Non-GAAP Financial MeasuresEBITDA represents earnings before interest, taxes, depreciation and amortization. Roadrunner uses Adjusted EBITDA, which excludes impairment and other non-cash gains and losses, adjustments to contingent purchase obligations, stock and other long-term incentive compensation expenses, debt restructuring costs, and professional fees associated with legal matters, including the company's internal investigation, SEC compliance and debt restructuring costs, as a supplemental measure in evaluating its operating performance and when determining executive incentive compensation. Roadrunner believes Adjusted EBITDA is useful to investors in evaluating its performance compared to other companies in its industry because it assists in analyzing and benchmarking the performance and value of a business. The calculation of Adjusted EBITDA eliminates the effects of financing, income taxes, and the accounting effects of capital spending. These items may vary for different companies for reasons unrelated to the overall operating performance of a company's business.
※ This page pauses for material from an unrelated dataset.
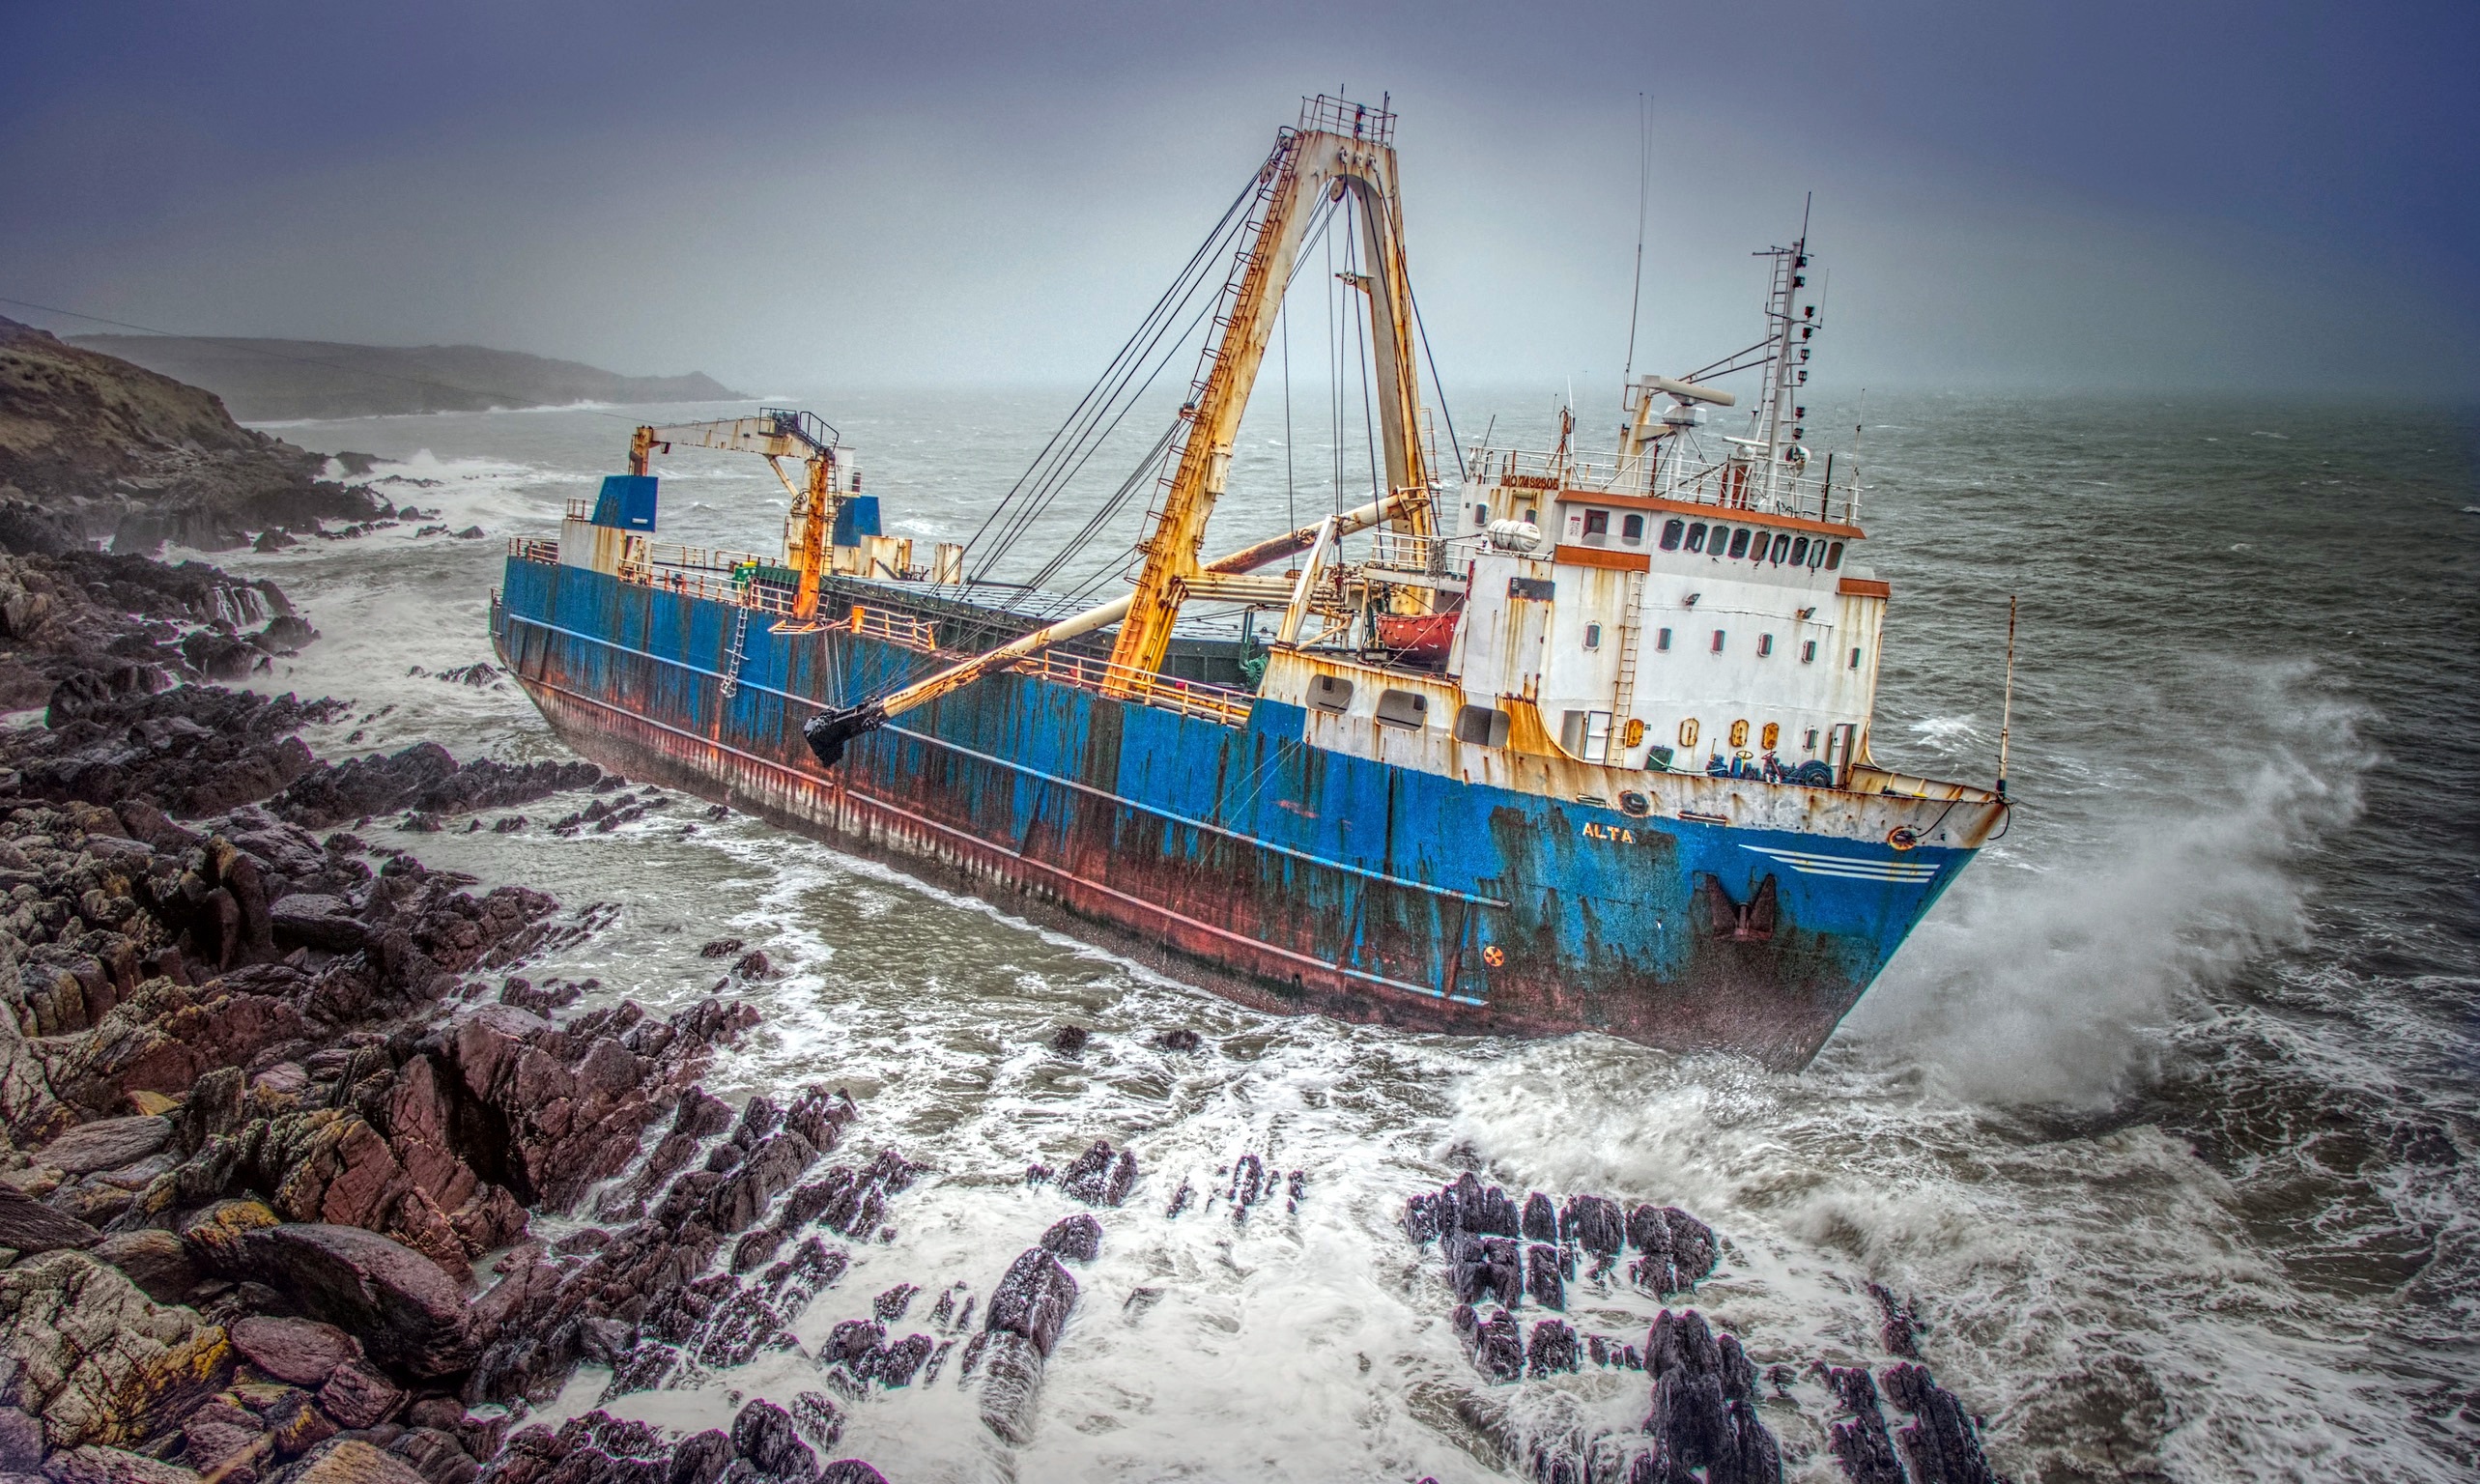 MV Alta shipwrecked off the Ballycotton coast color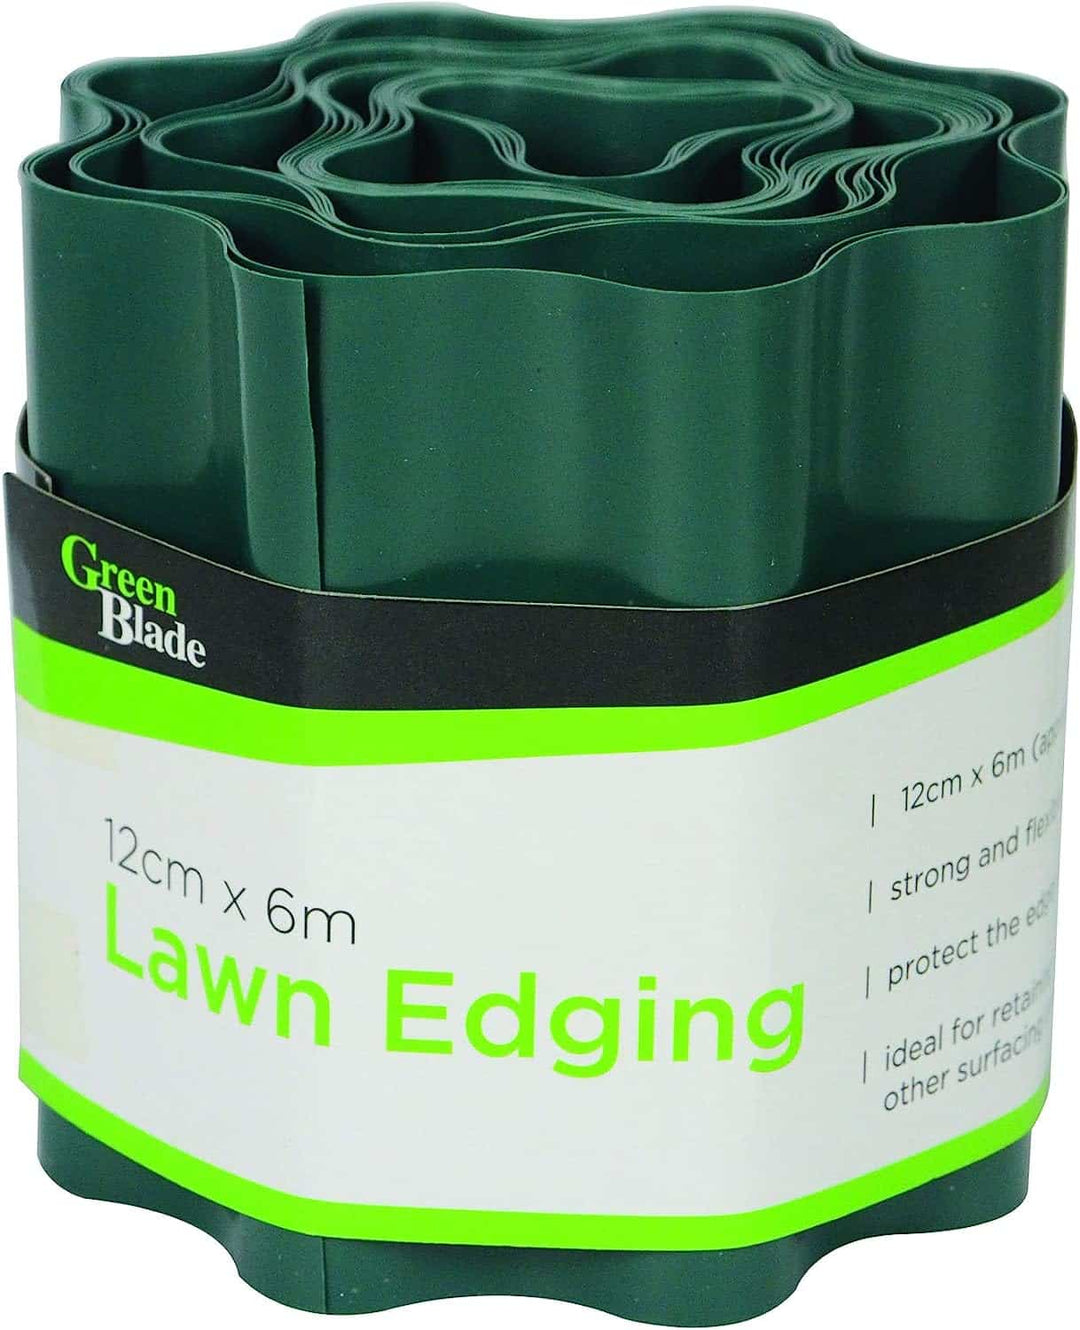 Green Blade BE105 12cm x 6m Lawn Edging - LGC

Adjusted EBITDA is not a financial measure presented in accordance with GAAP. Although Roadrunner's management uses Adjusted EBITDA as a financial measure to assess the performance of its business compared to that of others in Roadrunner's industry, Adjusted EBITDA has limitations as an analytical tool, and you should not consider it in isolation, or as a substitute for analysis of Roadrunner's results as reported under GAAP. Some of these limitations are:
- Adjusted EBITDA does not reflect Roadrunner's cash expenditures, future requirements for capital expenditures or contractual commitments;
- Adjusted EBITDA does not reflect changes in, or cash requirements for, Roadrunner's working capital needs;
- Adjusted EBITDA does not reflect the significant interest expense or the cash requirements necessary to service interest or principal payments on Roadrunner's debt or dividend payments on Roadrunner's preferred stock;
- Although depreciation and amortization are non-cash charges, the assets being depreciated and amortized will often have to be replaced in the future and Adjusted EBITDA does not reflect any cash requirements for such replacements; and
- Other companies in Roadrunner's industry may calculate Adjusted EBITDA differently than Roadrunner does, limiting its usefulness as a comparative measure.